* **Provided entries**:
· · · · · · ·

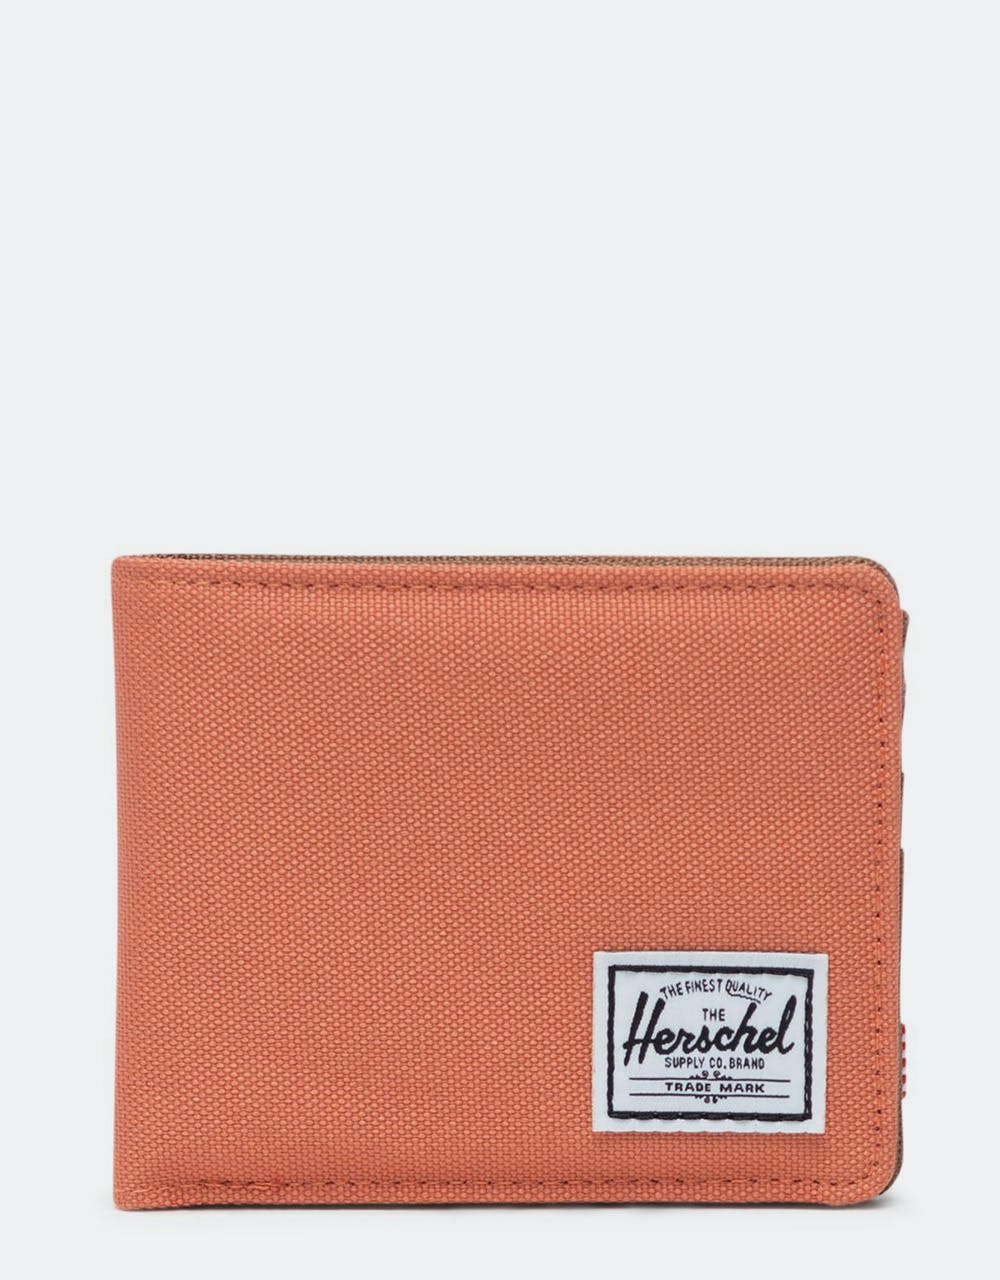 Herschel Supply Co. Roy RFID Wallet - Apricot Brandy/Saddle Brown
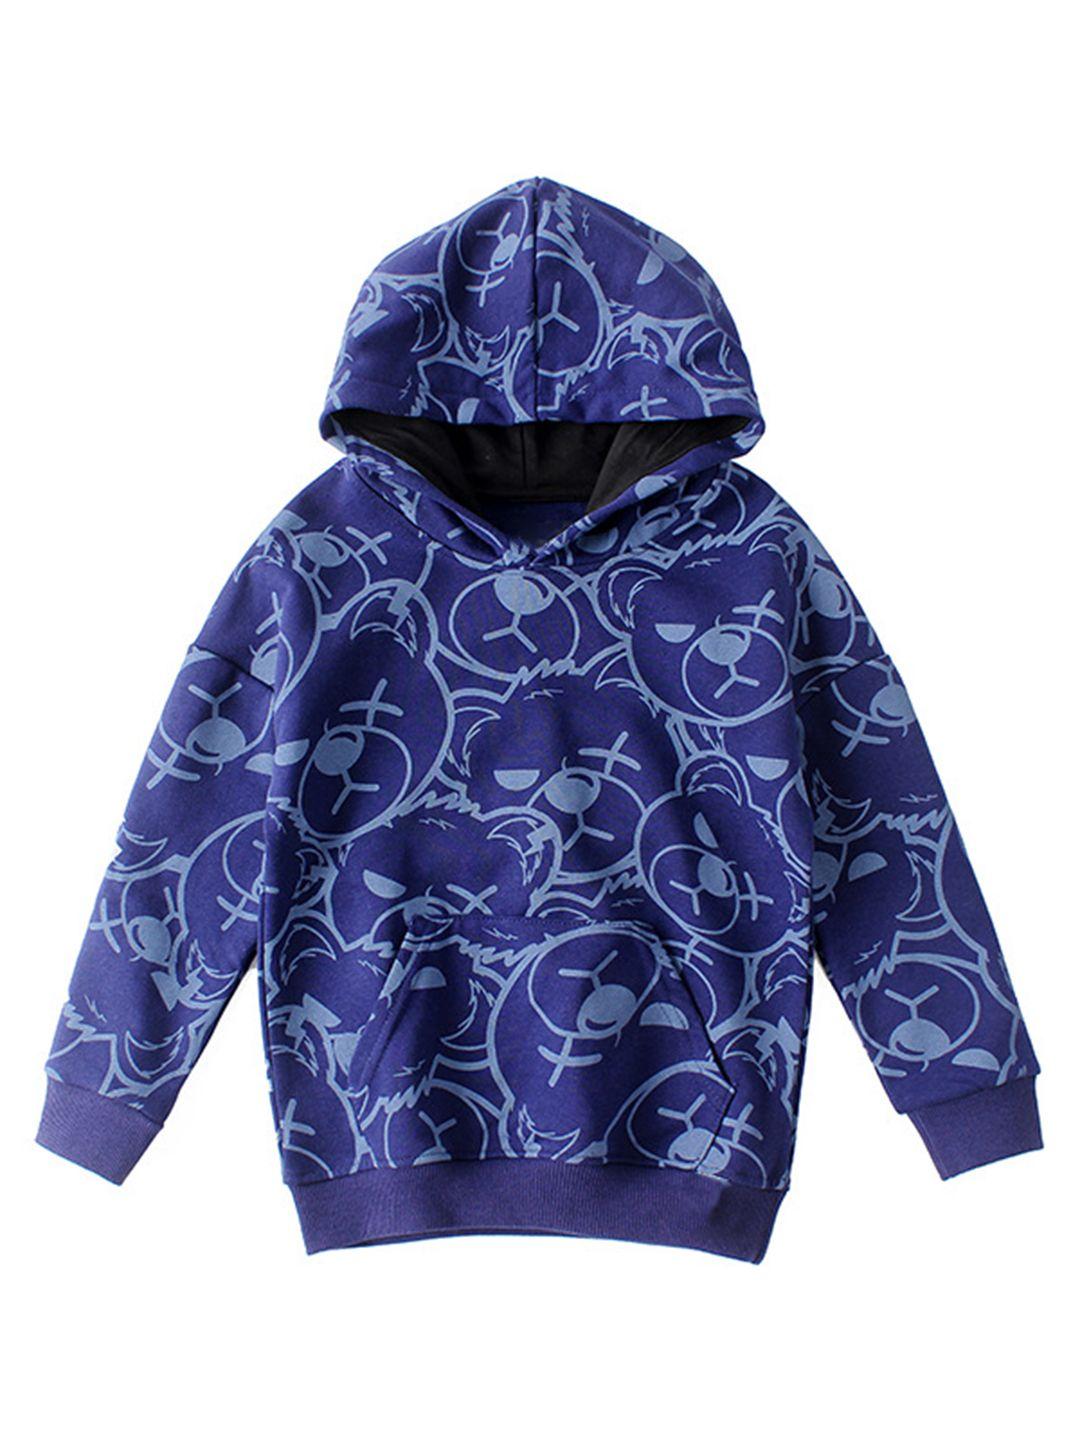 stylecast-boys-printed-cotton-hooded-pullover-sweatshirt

· · · · · · ·

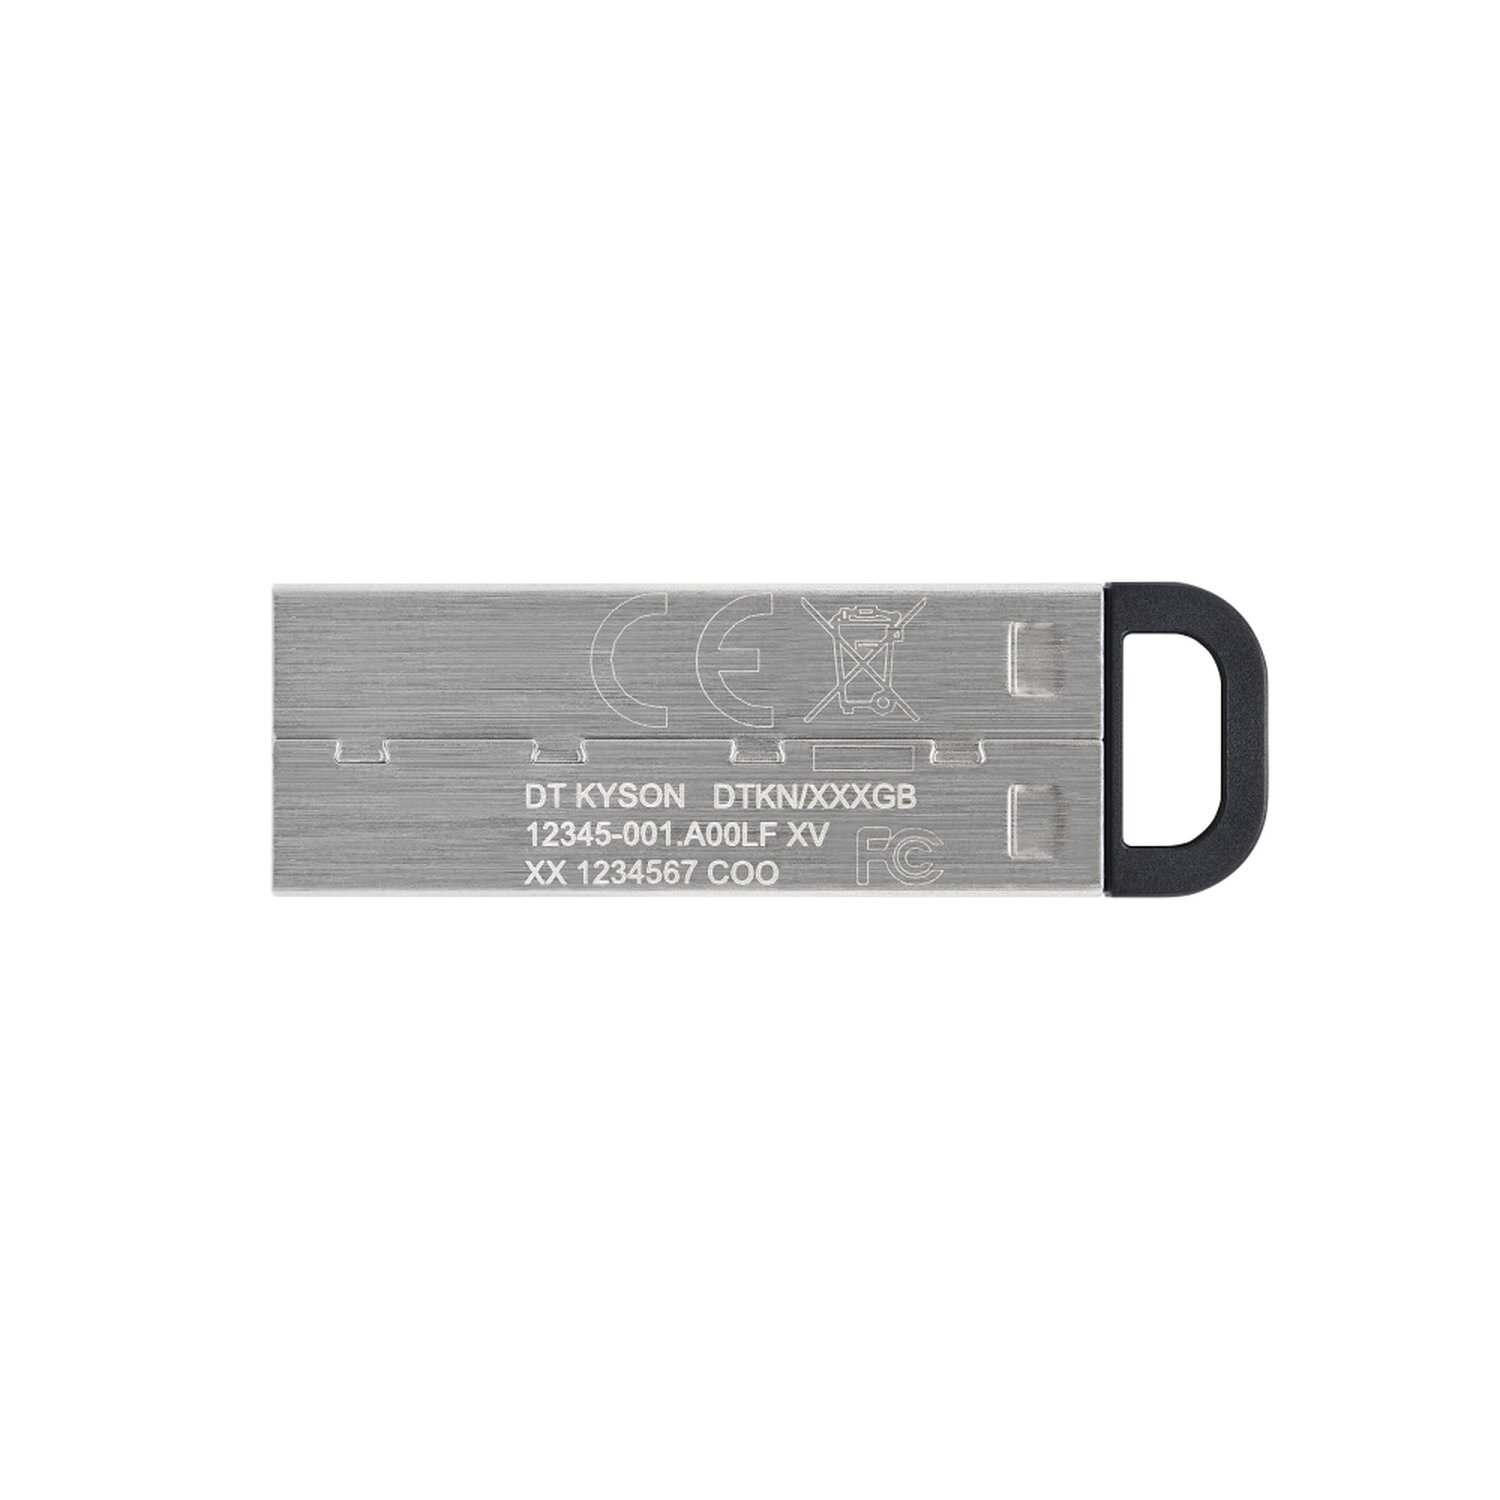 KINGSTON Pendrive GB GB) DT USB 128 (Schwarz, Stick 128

· · · · · · ·

* **To do**: When you reach the line with "Herschel Supply Co." in the records above, start writing out each line exactly, and stop after the line with "stylecast-boys-printed-cotton-hooded-pullover-sweatshirt". Pictures stay out.

* **Output below**:
 Herschel Supply Co. Roy RFID Wallet - Apricot Brandy/Saddle Brown
 stylecast-boys-printed-cotton-hooded-pullover-sweatshirt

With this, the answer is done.